Once again, those same top marks came from James Stewart, who also tested the 183 cm length. He called it a “beer league weapon,” which couldn’t be truer. The 19.4-meter turn radius in the 183 cm length James was on is typically perfect for local beer-league GS courses. We know from experience that’s ideal for our series here in Stowe. “This ski has unbelievable dampness. It’s super-quiet at alarming speeds. Good for weekday mornings so you don’t have too many obstacles at warp speed.”

While you don’t necessarily have to ski them on a weekday morning, the Redster G9 loves speed and loves wide open trails. Letting them run unlocks their true potential. They’re not the best or most practical at slower speeds, and if you’re still working on achieving true carving turns, it’s probably not for you either. If you’re comfortable driving a ski, comfortable with speed, and want race-level performance out of your frontside skis, they’re hard to beat.


Parker Herlihy

Age: 21Height: 6'4"Weight: 190 lbs.

Ski Style: Freeride fun with big air on the brain

Marcus Shakun

Age: 39Height: 6'5"Weight: 225 lbs.

Ski Style: Powerful, but playful with the terrain

James Stewart

Age: 30Height: 6'2"Weight: 170 lbs.

Ski Style: Energetic, playful, and fun to follow

Mike Thomas

Age: 50Height: 6'3"Weight: 215 lbs.

Ski Style: Upright, fluid, nimble, and powerful

Justin Perry

Age: 29Height: 5'9"Weight: 167 lbs.

Ski Style: Aggressive all-mountain freeride

4 Comments on the “2020 Atomic Redster G9”

  1. I’m curious about your thought on the Stockli GS vs the G9 – especially in terms of power, rebound and energy in the turn.

    1. Hi Pete!
      I wouldn’t take the Stockli too far out of a race course, while the G9 has a bit more versatility and user-friendliness.

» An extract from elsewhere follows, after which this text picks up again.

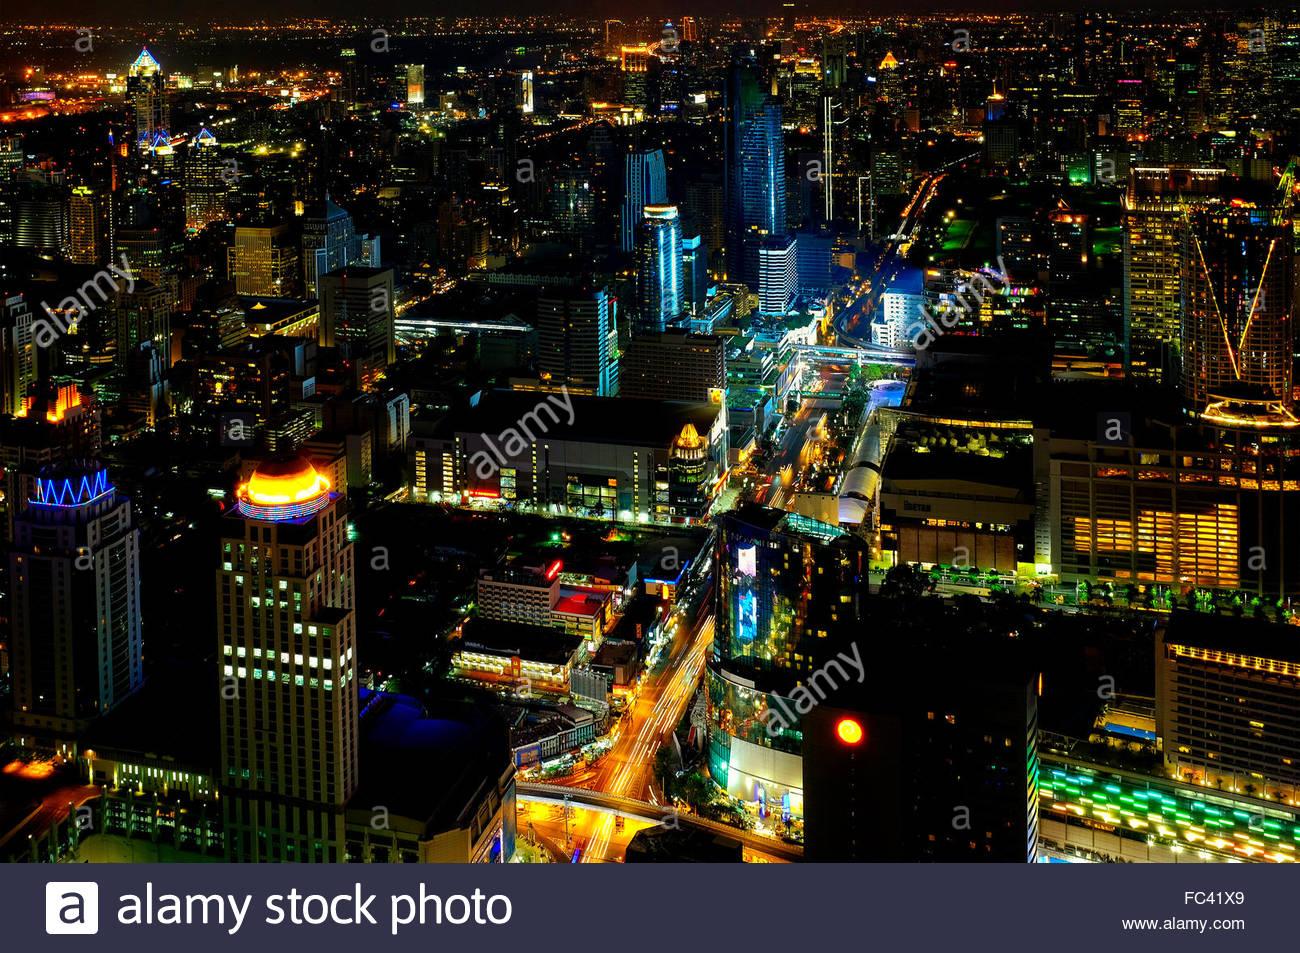 Sur Bangkok la nuit de l'hôtel Baiyoke Sky, Thaïlande Photo Stock
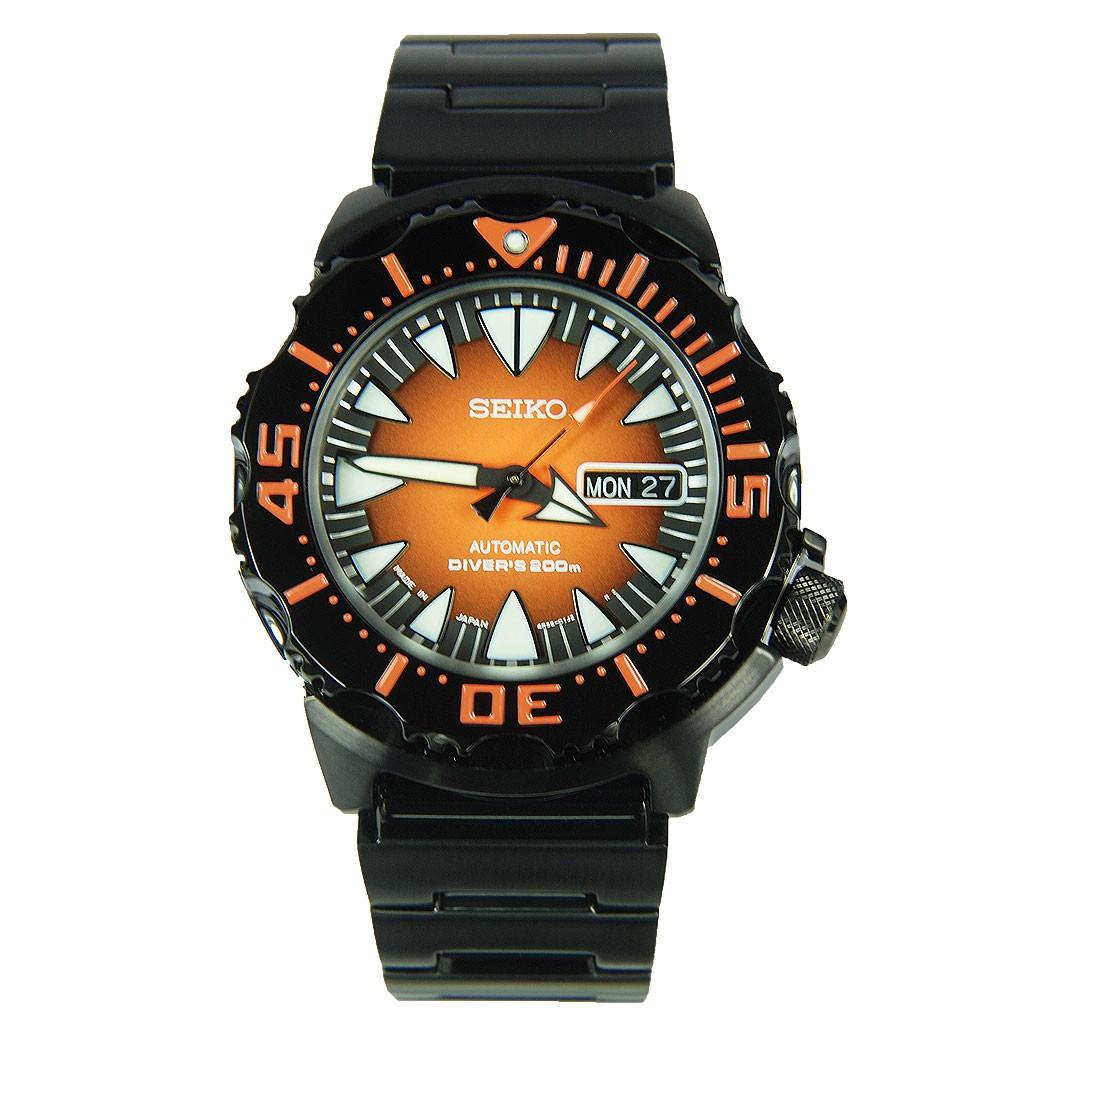 Часы Seiko Black / Orange Monster SRP311J1 Automatic Diver's 4R36 В.

If you can drive a ski, you’ll get better rebound and energy out of the Stockli, but that’s going to be a full-time job. You’ll have a little leisure time on the Atomic. Hope that helps!

  2. Hi Gents,
    I have a 2018 HEAD Supershape I.Titan in 177cm which I completely adore. Very easy to ski and plenty of support on edge and at higher speed. I’m looking for something a little shorter and a little different yet offering full control at high speed.
    I and am considering the Atomic Redster G9 in 171cm, does this maeks sense to you. 50 years old, pretty aggressive skier and often on icy conditions in my world. I’m thinking the S7 might be too demanding and nervous. Would I still be able to ski the G9 at rather small-medium turns when required but spend most of the time on larger radius
    Thanks very much!

    1. HI Yanick!
      I think if you’re downsizing in the G9, the shorter turns will be easier to come by without sacrificing too much in the top end. Have fun!